OK....... Yesterday went sakae sushi again... Spent 49 dollars plus..? ROar..... the membership card application is such a bother.. The condition is to spend $300 in 2 mths.. WAAAa.. How is dat possible?
ANyway... made alot of promises...... Have to go out with friends all dat after o.. I think after all, my savings will be gone soon... Shopping, chalets, outings, oversea trips... -.-'''
NOt to say, mum's out.. n she think i fully prepared for my examz.. YA.. i did.. but maybe i will get memory lost....... SO, i shall revise n recap again...
After o, i must lose weight.. HAHAaa............

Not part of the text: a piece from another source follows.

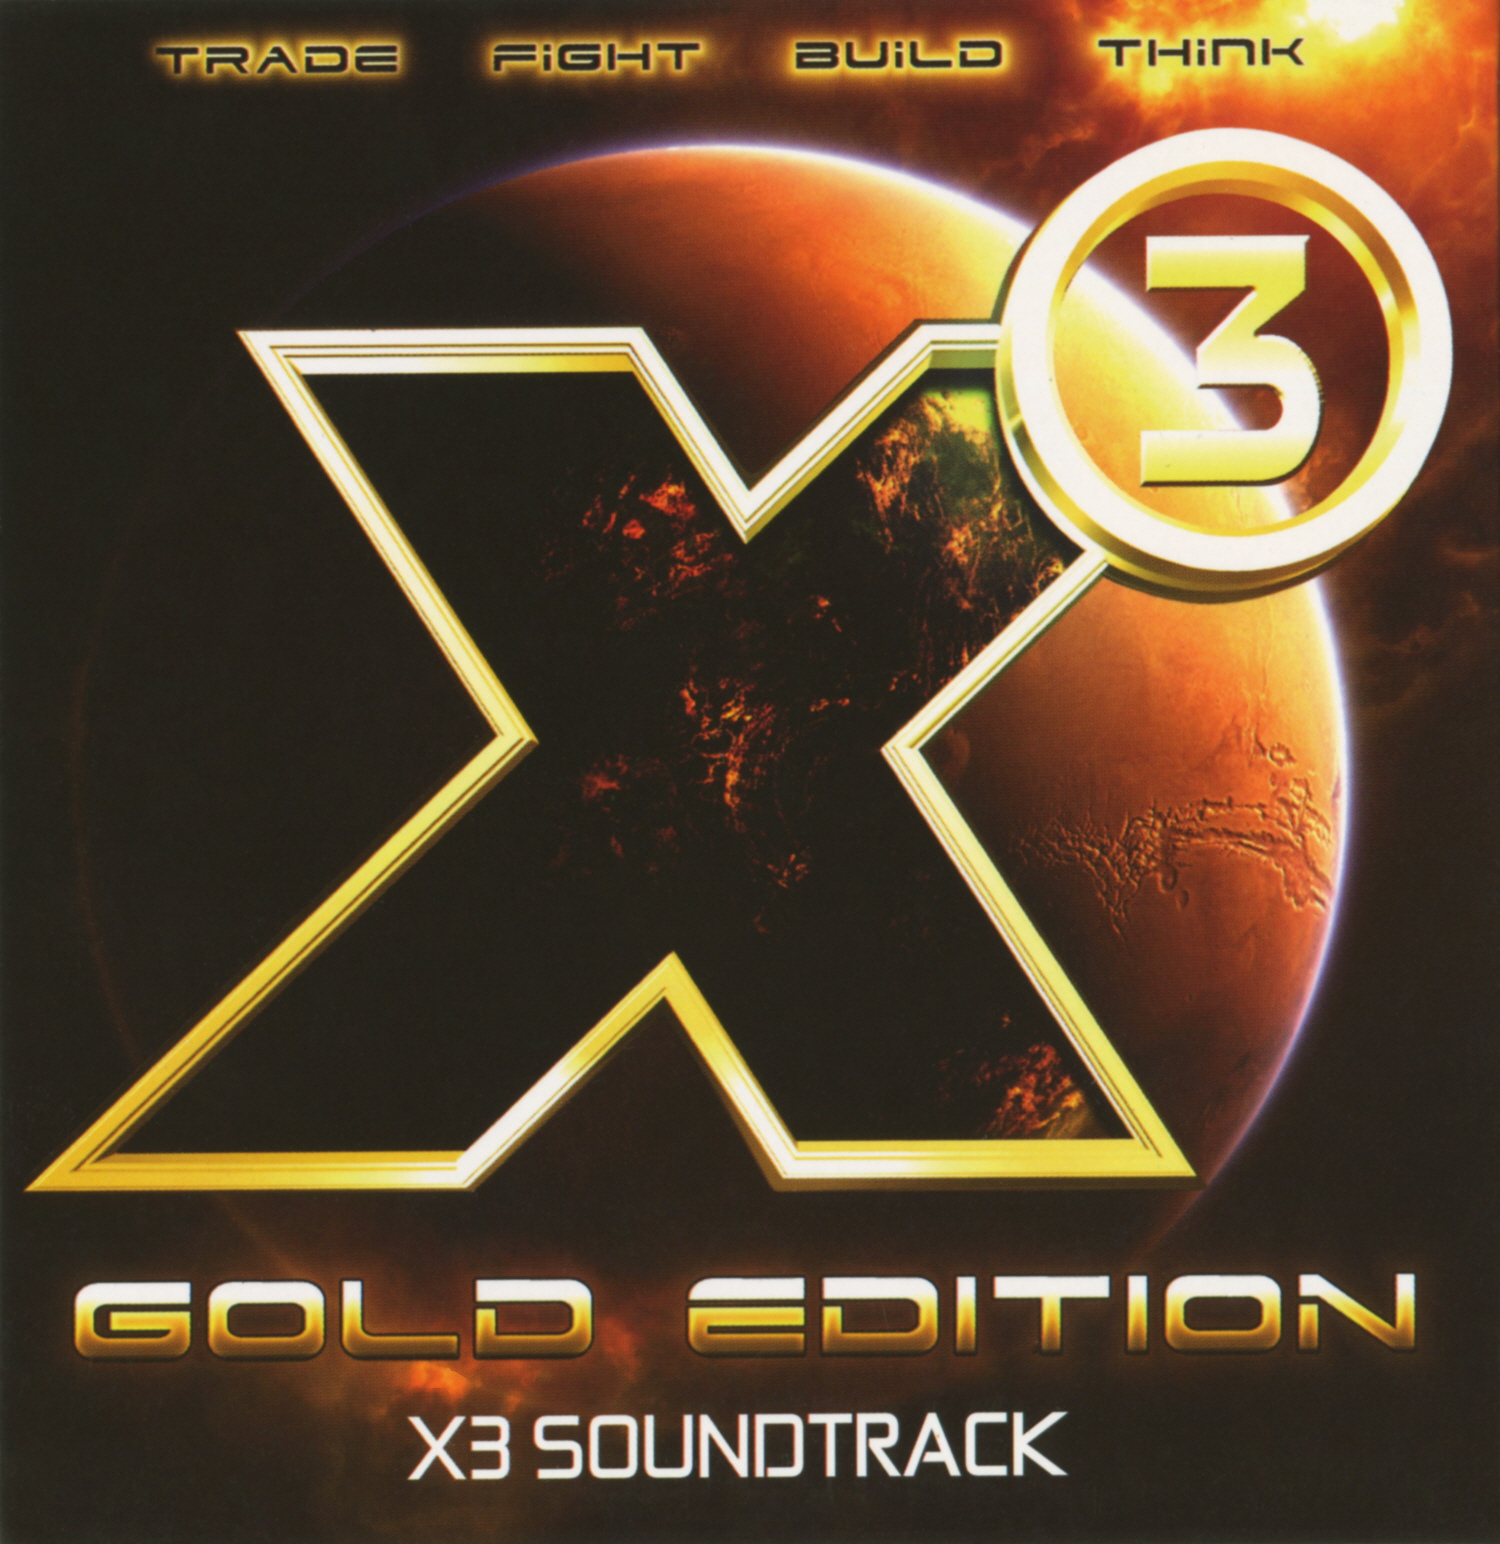 Gold mp3. X3 Gold Edition. Обложка релиза. ТВС 4 золотое издание. Трек Gold 2008.

I read someone's blog.. Quite surprised with what she said.. I can't imagine it.. Why my friends always treat me like dat.. Appear nice infront of me, helping me........ BUt actually in their heart, they don't really mean it? And i didn't ask for ur help in the first place.. As if i can't achieve that myself, RAaaAawK........... everything is jus an act... SUddenly, i feel this world is so unloving n cold.... WHy don't god just take everything altogether at the same time...? why did everything came in one after another.......
I cannot n dun want to trust anyone anymore........ EVerything freaked me out... I can't withstand it.... THE CRUELTY OF LIFE!